▶ **ASSIGNMENT**:
Pull out every line in the data that has the string "thumbnail" in it.

====== EXTRACTED INFORMATION

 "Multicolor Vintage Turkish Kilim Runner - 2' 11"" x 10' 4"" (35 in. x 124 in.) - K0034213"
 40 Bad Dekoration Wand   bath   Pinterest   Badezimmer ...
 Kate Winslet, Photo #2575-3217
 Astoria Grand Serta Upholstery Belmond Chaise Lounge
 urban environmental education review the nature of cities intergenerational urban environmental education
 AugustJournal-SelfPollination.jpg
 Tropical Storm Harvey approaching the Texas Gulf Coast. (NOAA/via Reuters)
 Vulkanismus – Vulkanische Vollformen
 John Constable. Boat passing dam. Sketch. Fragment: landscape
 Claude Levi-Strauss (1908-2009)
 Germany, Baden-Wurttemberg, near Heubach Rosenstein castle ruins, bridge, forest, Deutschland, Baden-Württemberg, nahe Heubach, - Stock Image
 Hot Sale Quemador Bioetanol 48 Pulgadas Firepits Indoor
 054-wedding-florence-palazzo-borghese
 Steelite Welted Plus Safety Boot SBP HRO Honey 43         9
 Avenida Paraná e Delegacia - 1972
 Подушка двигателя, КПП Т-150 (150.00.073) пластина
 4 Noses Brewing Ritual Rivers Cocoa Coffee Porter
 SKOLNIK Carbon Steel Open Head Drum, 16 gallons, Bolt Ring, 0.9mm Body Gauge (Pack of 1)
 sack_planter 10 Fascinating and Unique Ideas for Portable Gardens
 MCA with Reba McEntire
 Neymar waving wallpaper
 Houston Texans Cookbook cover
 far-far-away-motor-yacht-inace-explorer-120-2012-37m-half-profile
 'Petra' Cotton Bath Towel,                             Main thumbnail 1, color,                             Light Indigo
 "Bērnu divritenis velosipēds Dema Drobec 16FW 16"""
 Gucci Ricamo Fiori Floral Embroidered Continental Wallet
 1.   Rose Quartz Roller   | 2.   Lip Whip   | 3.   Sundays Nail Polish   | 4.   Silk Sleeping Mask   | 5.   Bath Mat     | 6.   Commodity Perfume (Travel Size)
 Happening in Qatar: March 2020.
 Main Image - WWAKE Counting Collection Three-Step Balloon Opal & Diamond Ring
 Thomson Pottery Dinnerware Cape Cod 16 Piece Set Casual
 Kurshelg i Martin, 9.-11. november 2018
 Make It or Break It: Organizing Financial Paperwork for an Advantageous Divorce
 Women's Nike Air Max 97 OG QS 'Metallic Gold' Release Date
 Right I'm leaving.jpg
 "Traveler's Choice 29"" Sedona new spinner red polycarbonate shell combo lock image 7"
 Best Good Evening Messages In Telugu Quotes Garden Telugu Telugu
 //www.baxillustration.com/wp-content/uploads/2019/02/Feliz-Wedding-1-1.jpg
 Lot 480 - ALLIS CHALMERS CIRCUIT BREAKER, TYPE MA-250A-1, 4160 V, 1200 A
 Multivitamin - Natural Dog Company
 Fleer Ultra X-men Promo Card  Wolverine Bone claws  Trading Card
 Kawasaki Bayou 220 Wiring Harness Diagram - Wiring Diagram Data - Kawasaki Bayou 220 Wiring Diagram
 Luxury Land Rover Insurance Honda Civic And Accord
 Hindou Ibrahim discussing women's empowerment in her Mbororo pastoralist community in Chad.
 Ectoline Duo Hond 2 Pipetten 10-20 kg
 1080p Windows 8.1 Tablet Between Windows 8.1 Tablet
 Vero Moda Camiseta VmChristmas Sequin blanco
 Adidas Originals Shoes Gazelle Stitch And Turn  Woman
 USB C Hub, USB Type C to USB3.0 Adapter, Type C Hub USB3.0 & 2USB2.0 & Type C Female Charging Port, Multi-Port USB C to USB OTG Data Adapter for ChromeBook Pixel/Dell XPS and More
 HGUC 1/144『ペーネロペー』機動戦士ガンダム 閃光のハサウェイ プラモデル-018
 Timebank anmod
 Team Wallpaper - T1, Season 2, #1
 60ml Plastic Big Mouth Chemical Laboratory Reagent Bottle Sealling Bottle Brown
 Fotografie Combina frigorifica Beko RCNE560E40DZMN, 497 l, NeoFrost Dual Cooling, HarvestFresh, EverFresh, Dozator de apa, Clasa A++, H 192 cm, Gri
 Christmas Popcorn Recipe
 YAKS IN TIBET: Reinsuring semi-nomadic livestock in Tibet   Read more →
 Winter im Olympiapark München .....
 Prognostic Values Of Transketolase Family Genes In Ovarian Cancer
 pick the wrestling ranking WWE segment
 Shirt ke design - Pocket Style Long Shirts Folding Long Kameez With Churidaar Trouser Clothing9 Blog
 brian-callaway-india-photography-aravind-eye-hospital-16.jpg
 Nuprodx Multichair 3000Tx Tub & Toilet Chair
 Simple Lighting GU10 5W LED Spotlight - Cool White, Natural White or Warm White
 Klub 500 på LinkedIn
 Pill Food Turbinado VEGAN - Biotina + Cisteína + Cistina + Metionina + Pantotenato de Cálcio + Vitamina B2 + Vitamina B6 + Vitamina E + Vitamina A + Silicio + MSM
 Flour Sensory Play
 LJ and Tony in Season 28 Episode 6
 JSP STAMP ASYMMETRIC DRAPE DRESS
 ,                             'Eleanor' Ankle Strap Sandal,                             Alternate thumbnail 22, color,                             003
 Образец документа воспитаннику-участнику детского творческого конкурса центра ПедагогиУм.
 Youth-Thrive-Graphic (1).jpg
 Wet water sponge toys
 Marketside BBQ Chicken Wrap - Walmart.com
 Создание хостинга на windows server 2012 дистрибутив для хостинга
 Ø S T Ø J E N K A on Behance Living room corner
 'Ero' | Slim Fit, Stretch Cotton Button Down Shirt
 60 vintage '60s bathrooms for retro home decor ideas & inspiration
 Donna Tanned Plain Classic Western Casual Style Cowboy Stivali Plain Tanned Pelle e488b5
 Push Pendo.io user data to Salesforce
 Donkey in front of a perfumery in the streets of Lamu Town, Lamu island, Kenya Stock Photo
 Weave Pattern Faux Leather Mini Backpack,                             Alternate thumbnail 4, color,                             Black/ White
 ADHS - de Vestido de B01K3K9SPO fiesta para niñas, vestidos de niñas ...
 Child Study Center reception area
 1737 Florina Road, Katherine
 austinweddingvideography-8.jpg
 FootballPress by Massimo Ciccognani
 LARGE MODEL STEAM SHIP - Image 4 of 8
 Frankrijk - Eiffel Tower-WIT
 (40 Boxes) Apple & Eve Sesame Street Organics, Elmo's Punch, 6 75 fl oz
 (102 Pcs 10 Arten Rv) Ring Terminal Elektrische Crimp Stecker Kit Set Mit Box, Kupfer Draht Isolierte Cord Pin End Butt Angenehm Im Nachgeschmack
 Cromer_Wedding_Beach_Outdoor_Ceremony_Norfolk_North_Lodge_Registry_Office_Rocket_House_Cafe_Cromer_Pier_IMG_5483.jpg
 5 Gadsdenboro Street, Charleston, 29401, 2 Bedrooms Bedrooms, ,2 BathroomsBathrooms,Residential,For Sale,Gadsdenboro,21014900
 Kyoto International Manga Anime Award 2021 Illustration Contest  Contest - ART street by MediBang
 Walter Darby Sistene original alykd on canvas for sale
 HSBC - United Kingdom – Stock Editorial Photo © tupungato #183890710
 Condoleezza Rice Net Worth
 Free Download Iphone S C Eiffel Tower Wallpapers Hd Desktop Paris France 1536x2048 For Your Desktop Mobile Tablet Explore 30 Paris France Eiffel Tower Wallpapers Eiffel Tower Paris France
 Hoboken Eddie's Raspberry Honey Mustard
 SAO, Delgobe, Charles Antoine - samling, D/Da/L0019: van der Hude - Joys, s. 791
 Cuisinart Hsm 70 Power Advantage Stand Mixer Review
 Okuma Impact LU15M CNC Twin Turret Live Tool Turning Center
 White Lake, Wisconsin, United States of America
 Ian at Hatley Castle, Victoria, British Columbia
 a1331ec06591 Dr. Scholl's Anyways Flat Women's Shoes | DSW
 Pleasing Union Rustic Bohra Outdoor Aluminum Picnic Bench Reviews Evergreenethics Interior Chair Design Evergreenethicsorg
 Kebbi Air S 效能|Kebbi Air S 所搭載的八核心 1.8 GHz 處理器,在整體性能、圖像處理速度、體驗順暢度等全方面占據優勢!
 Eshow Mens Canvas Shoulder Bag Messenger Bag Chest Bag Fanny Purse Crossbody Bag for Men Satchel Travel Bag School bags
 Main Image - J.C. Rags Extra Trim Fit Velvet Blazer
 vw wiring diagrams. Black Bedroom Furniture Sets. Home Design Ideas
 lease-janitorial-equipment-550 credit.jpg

============

▶ **EXERCISE RESPONSE**:
 'Petra' Cotton Bath Towel,                             Main thumbnail 1, color,                             Light Indigo
 ,                             'Eleanor' Ankle Strap Sandal,                             Alternate thumbnail 22, color,                             003
 Weave Pattern Faux Leather Mini Backpack,                             Alternate thumbnail 4, color,                             Black/ White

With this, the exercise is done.